* **Task statement**: Restate, exactly as written, the entries below from the line that holds "HOUSSE DE COUETTE" through the line that holds "Danish Knut Hesterberg". Pictures are not part of the copy.

* **Information**:
• • • • • • •

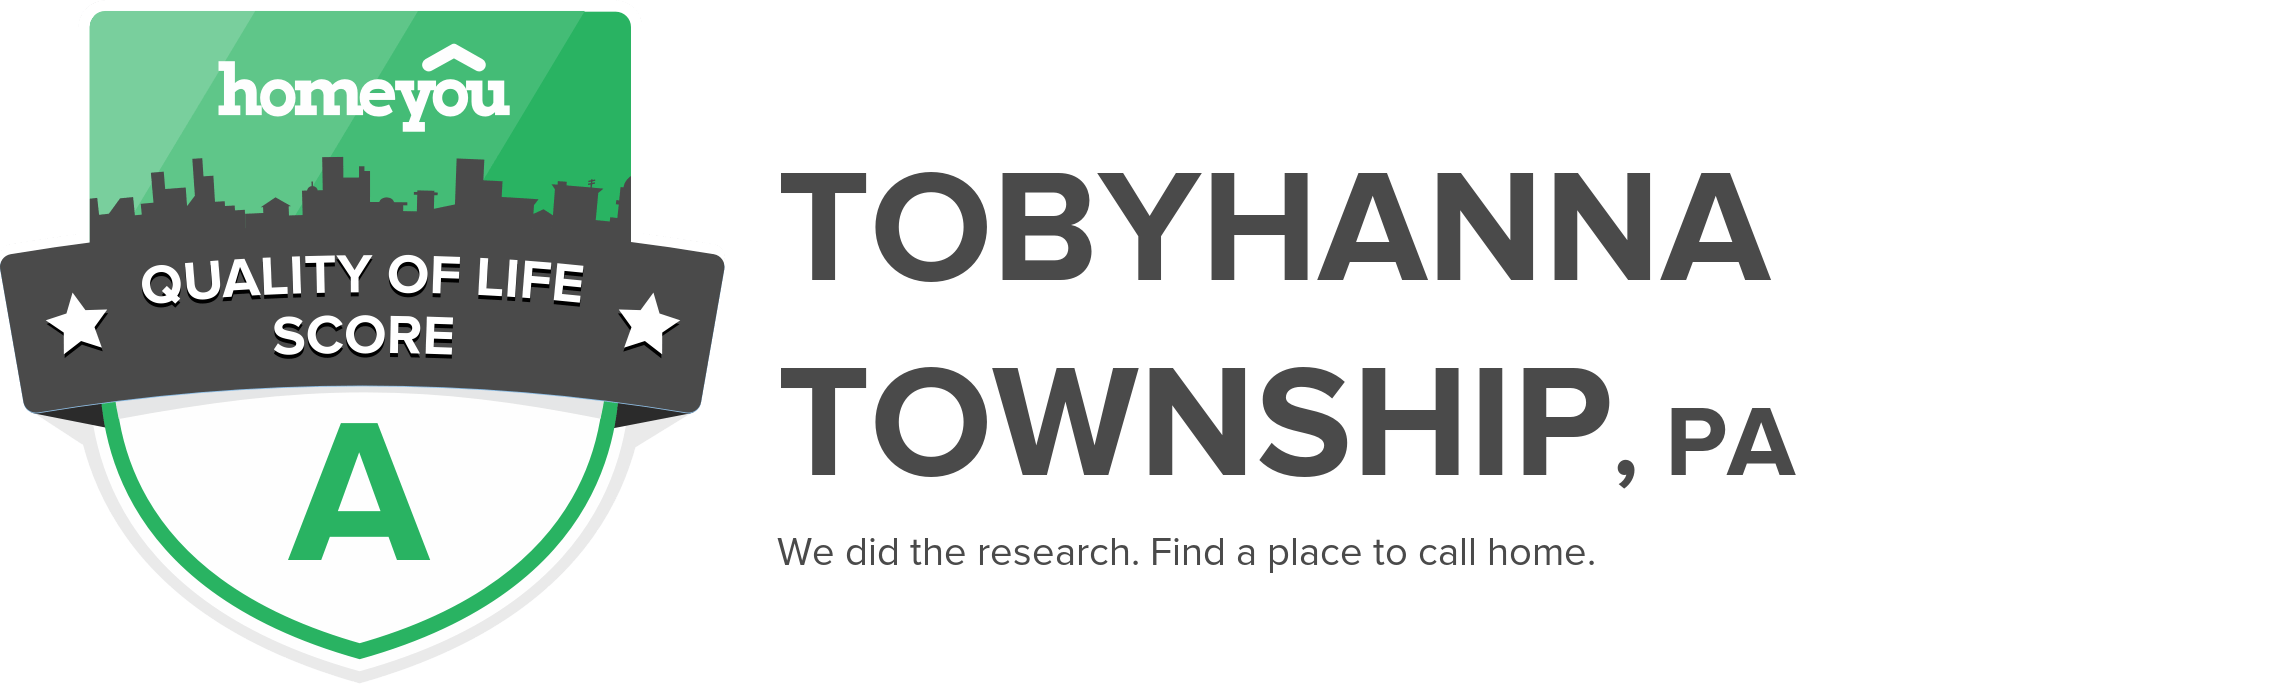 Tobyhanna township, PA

• • • • • • •

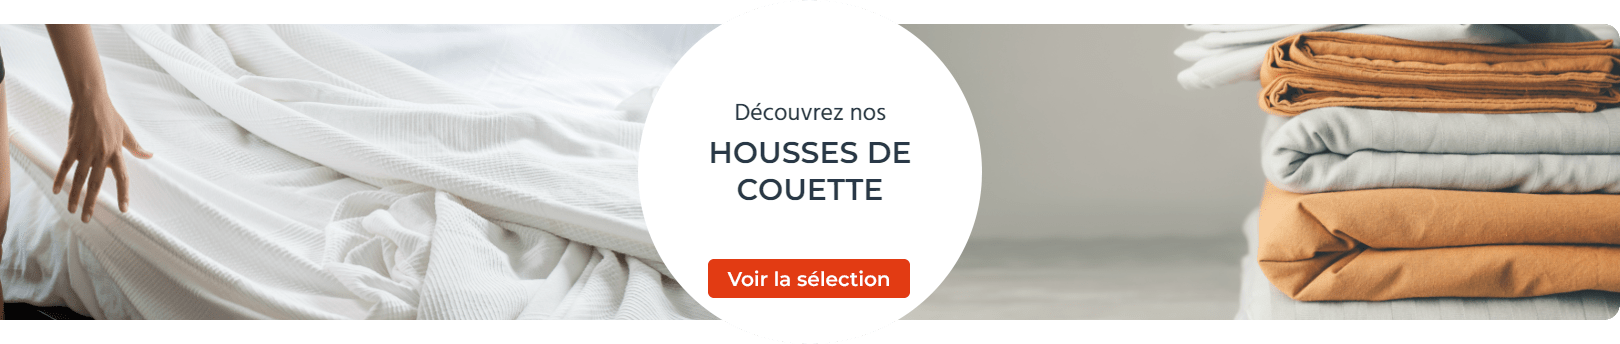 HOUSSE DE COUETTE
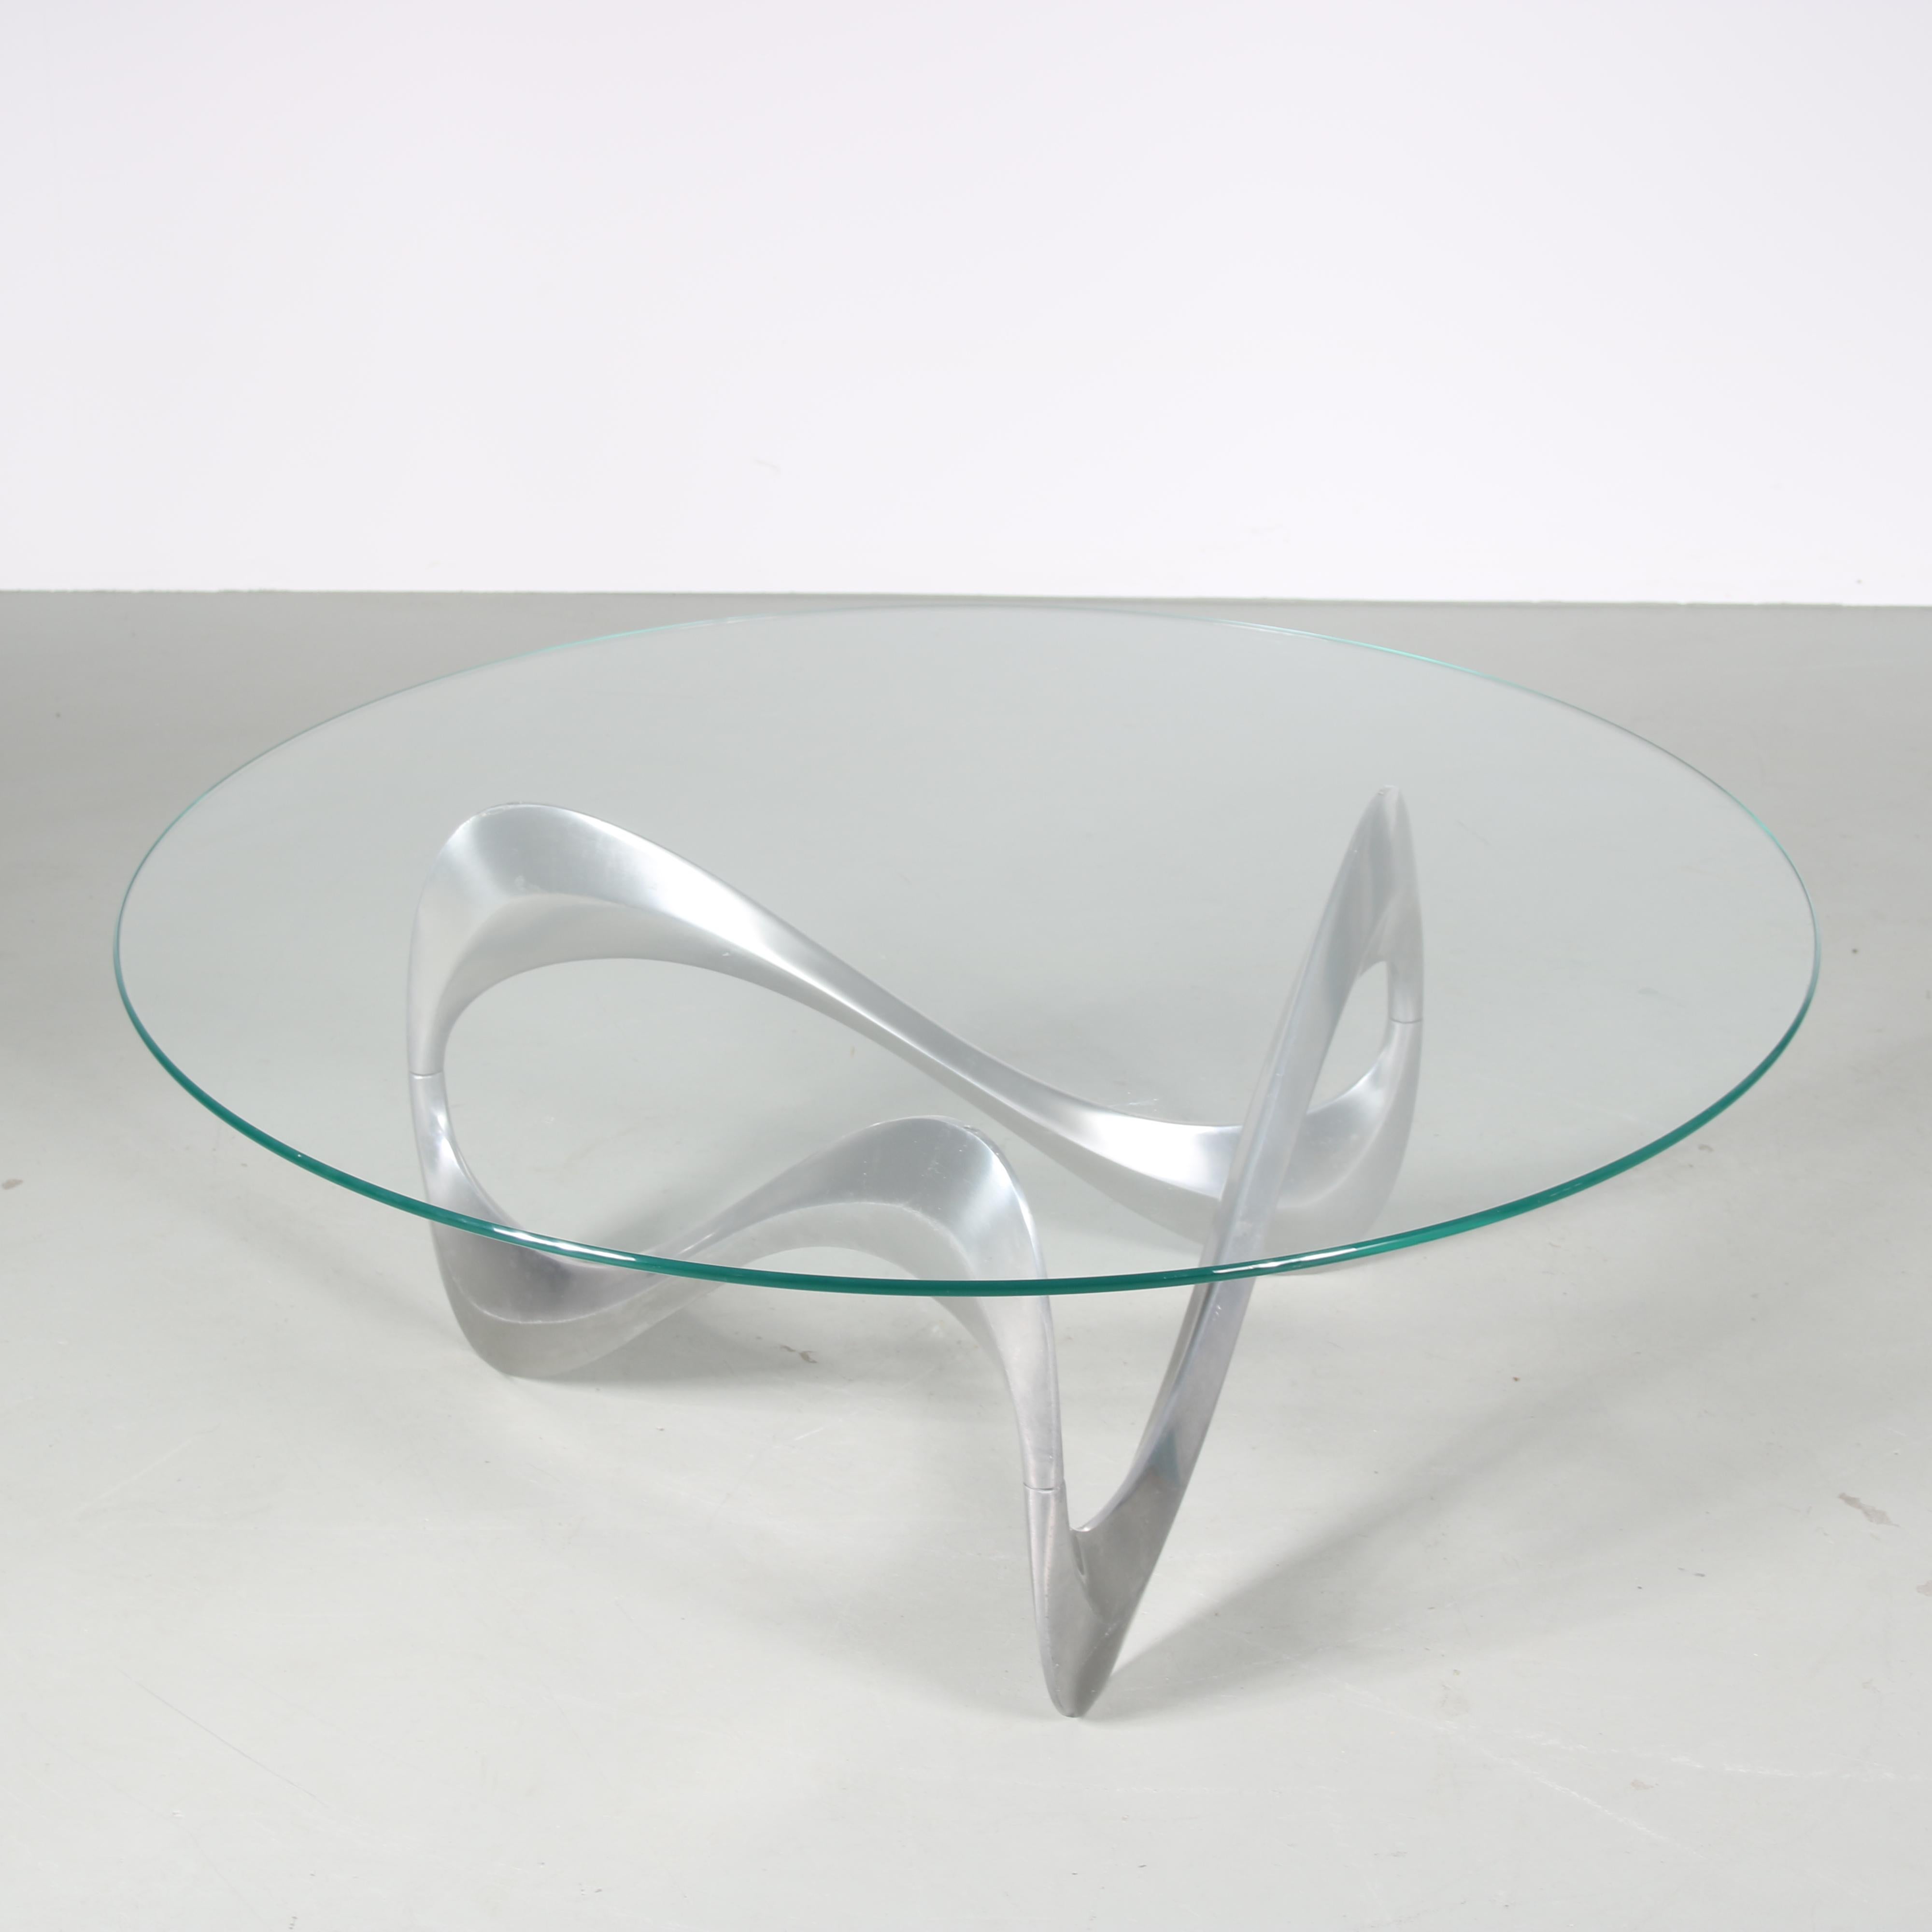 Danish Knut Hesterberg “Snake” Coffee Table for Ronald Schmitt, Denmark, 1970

• • • • • • •

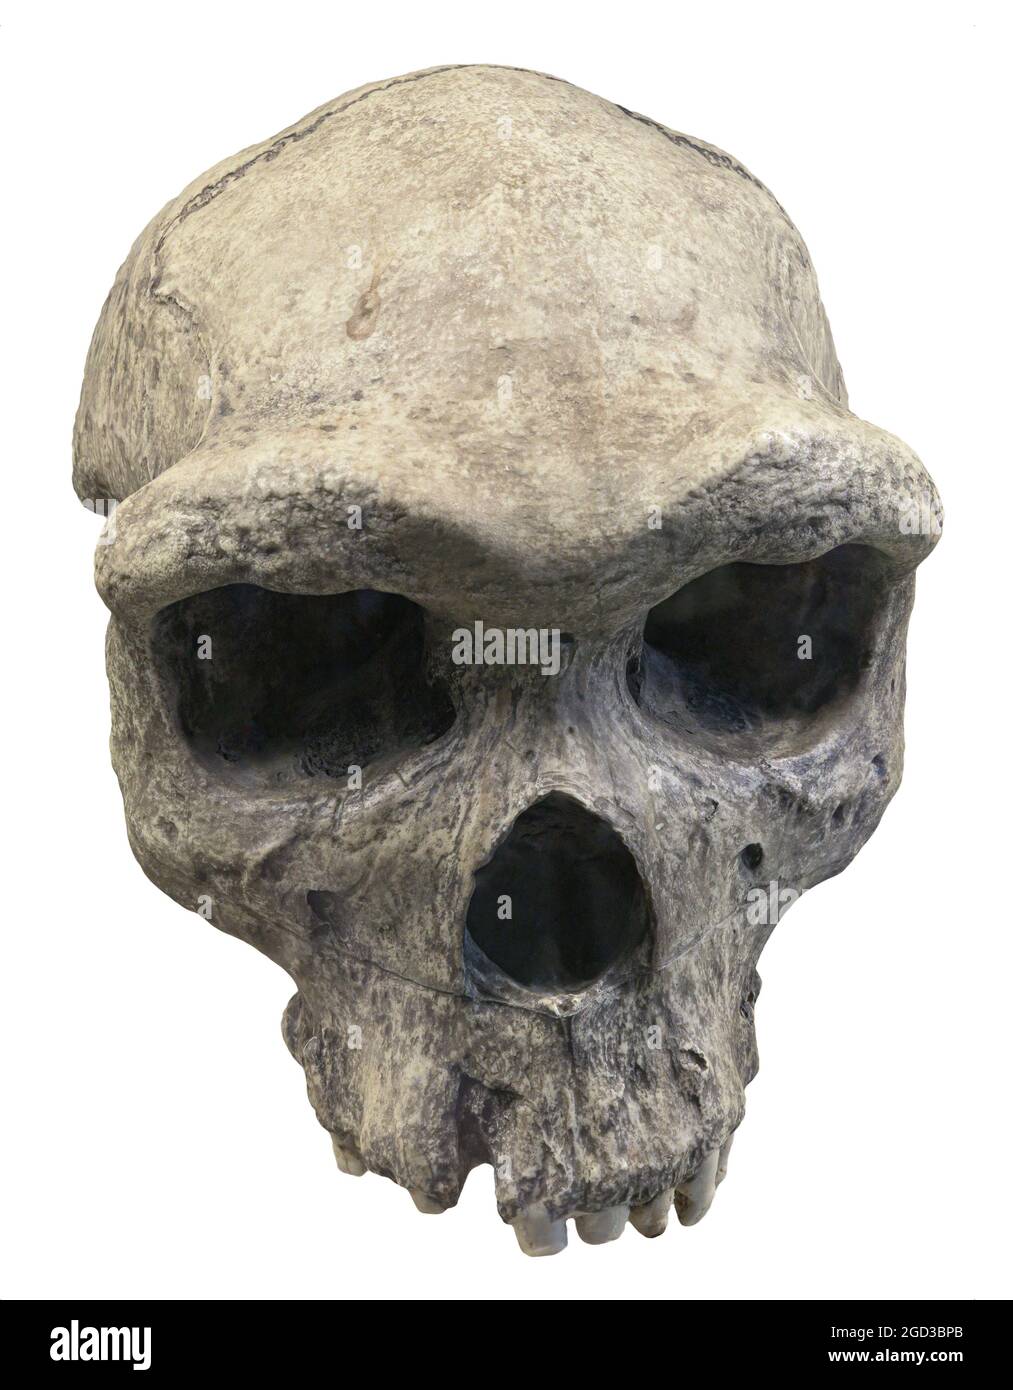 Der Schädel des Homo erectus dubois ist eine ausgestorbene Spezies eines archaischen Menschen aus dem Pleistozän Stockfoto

• • • • • • •

* **Result for this exercise**:
 HOUSSE DE COUETTE
 Danish Knut Hesterberg “Snake” Coffee Table for Ronald Schmitt, Denmark, 1970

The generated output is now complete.